───── Supplied data ─────

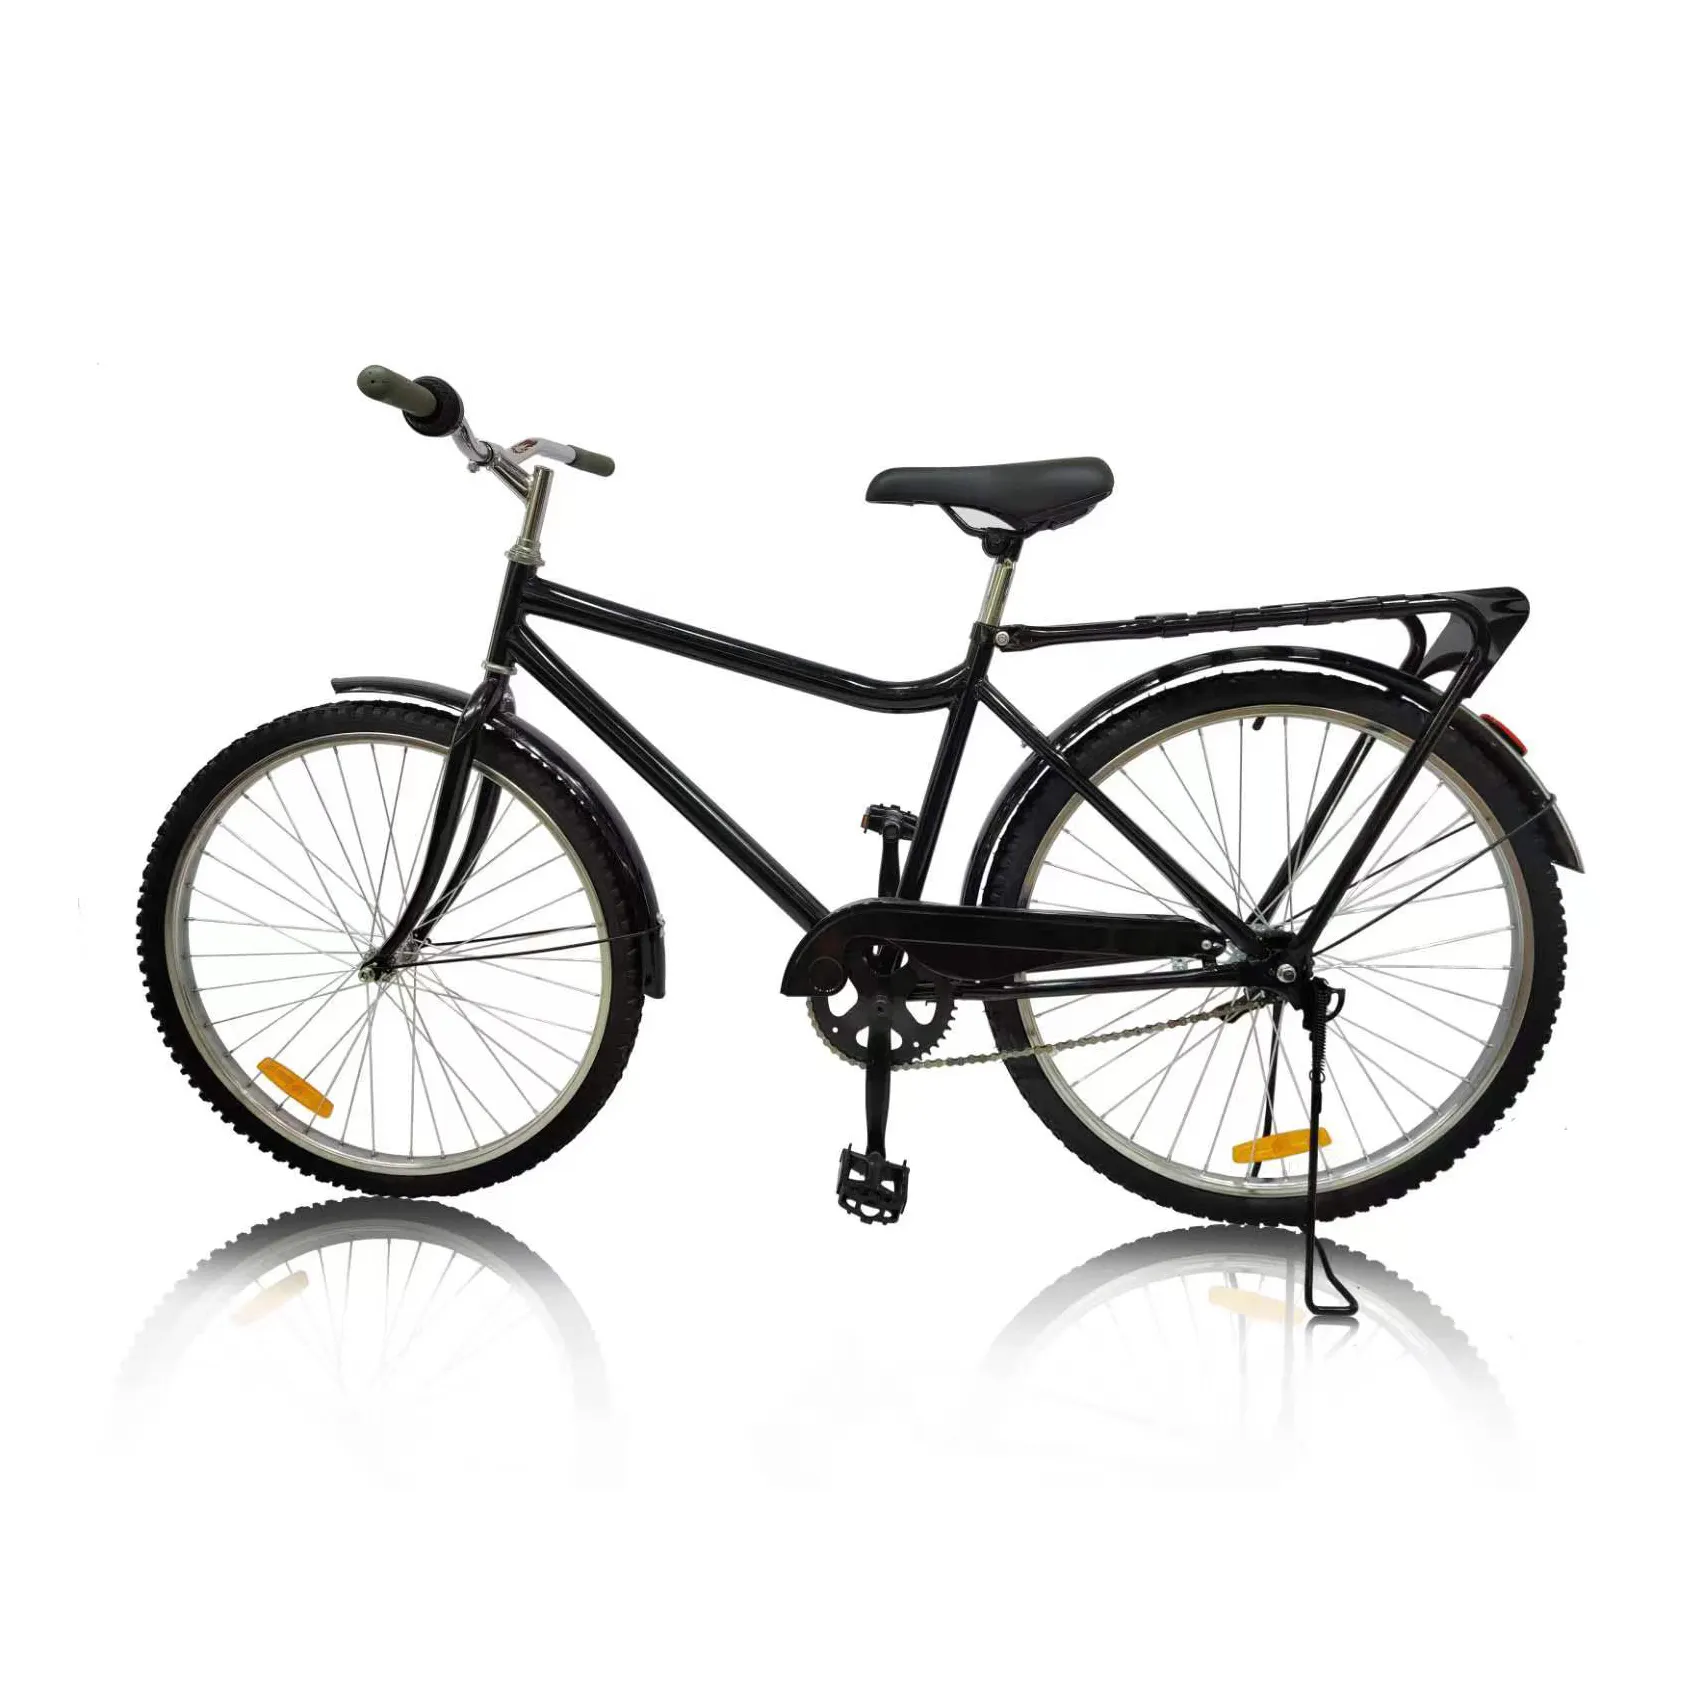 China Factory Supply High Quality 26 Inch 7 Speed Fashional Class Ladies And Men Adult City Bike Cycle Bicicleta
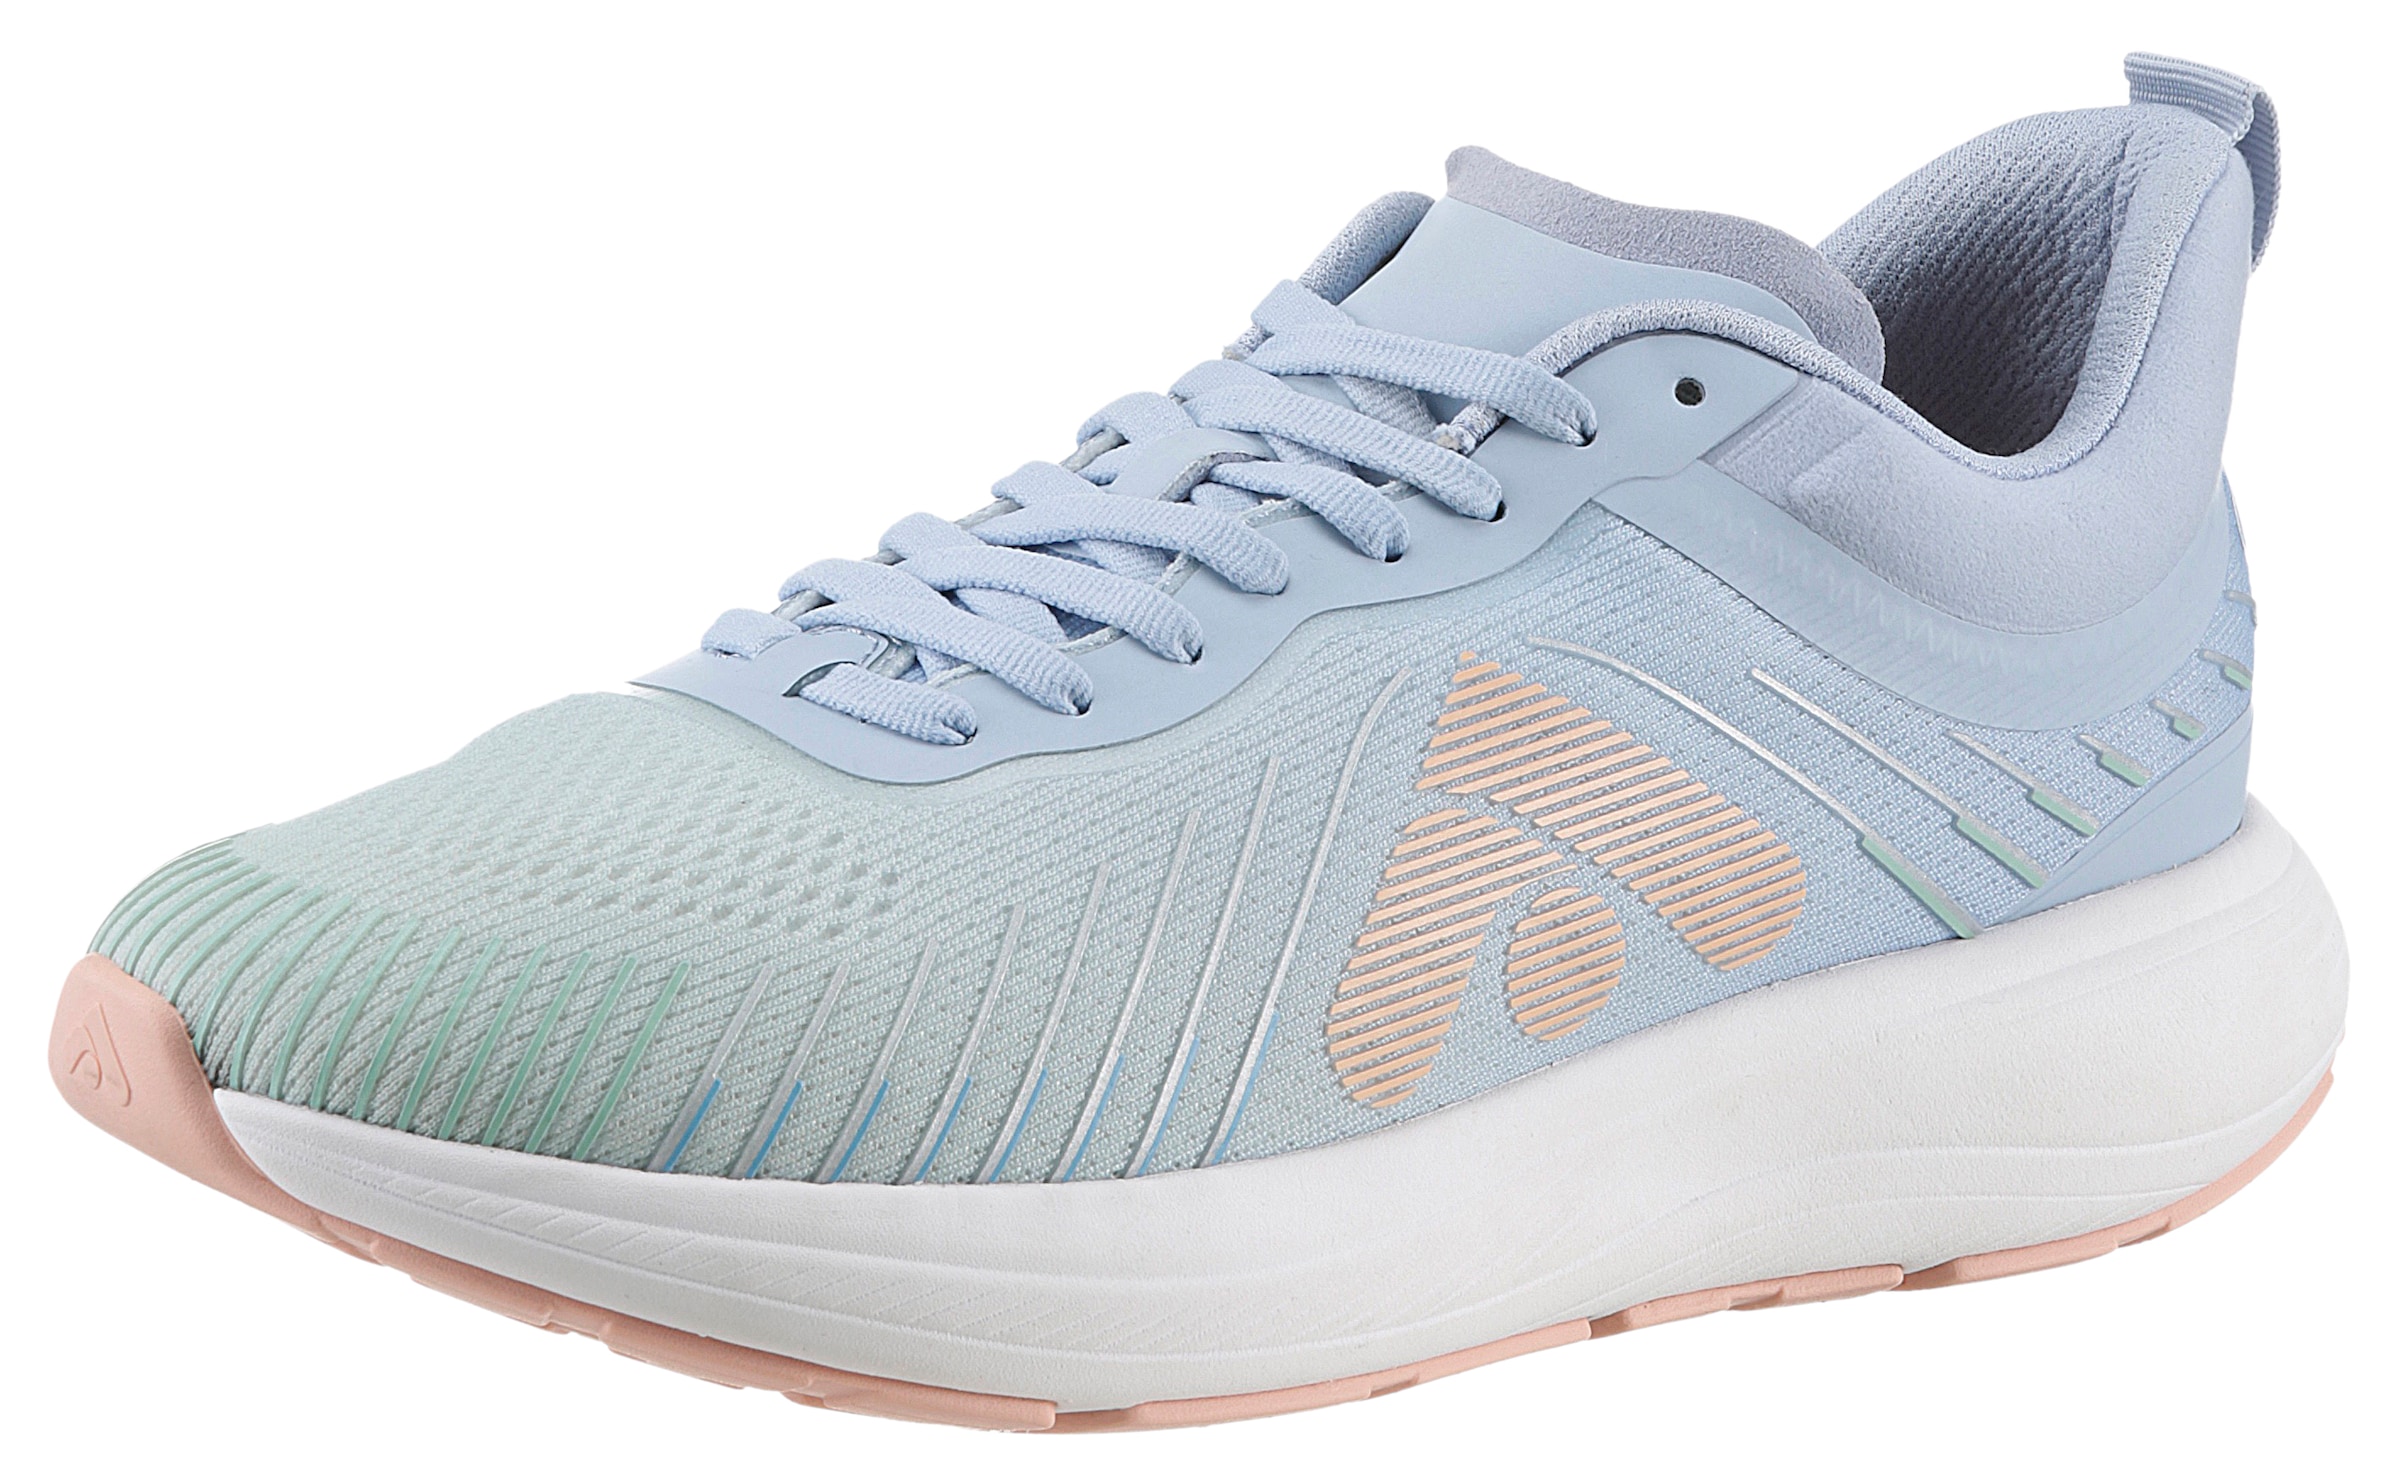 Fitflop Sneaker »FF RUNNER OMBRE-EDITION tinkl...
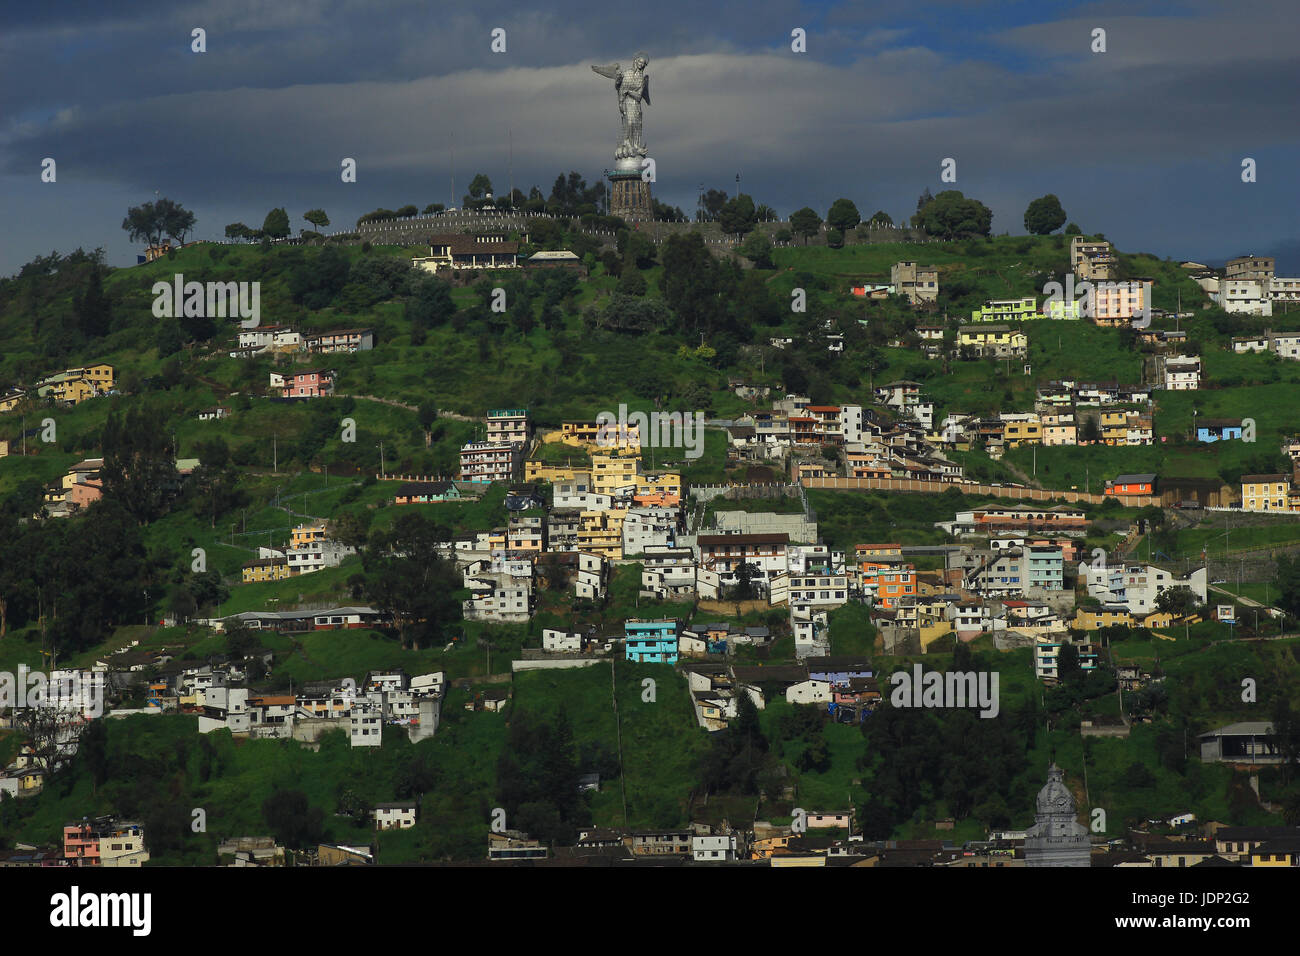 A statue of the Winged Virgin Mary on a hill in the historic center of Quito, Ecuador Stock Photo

─────

Exercise instructions: What is needed is an exact copy of all the data, with no images in it.

Result:
 China Factory Supply High Quality 26 Inch 7 Speed Fashional Class Ladies And Men Adult City Bike Cycle Bicicleta
 Fitflop Sneaker »FF RUNNER OMBRE-EDITION tinkl...
 A statue of the Winged Virgin Mary on a hill in the historic center of Quito, Ecuador Stock Photo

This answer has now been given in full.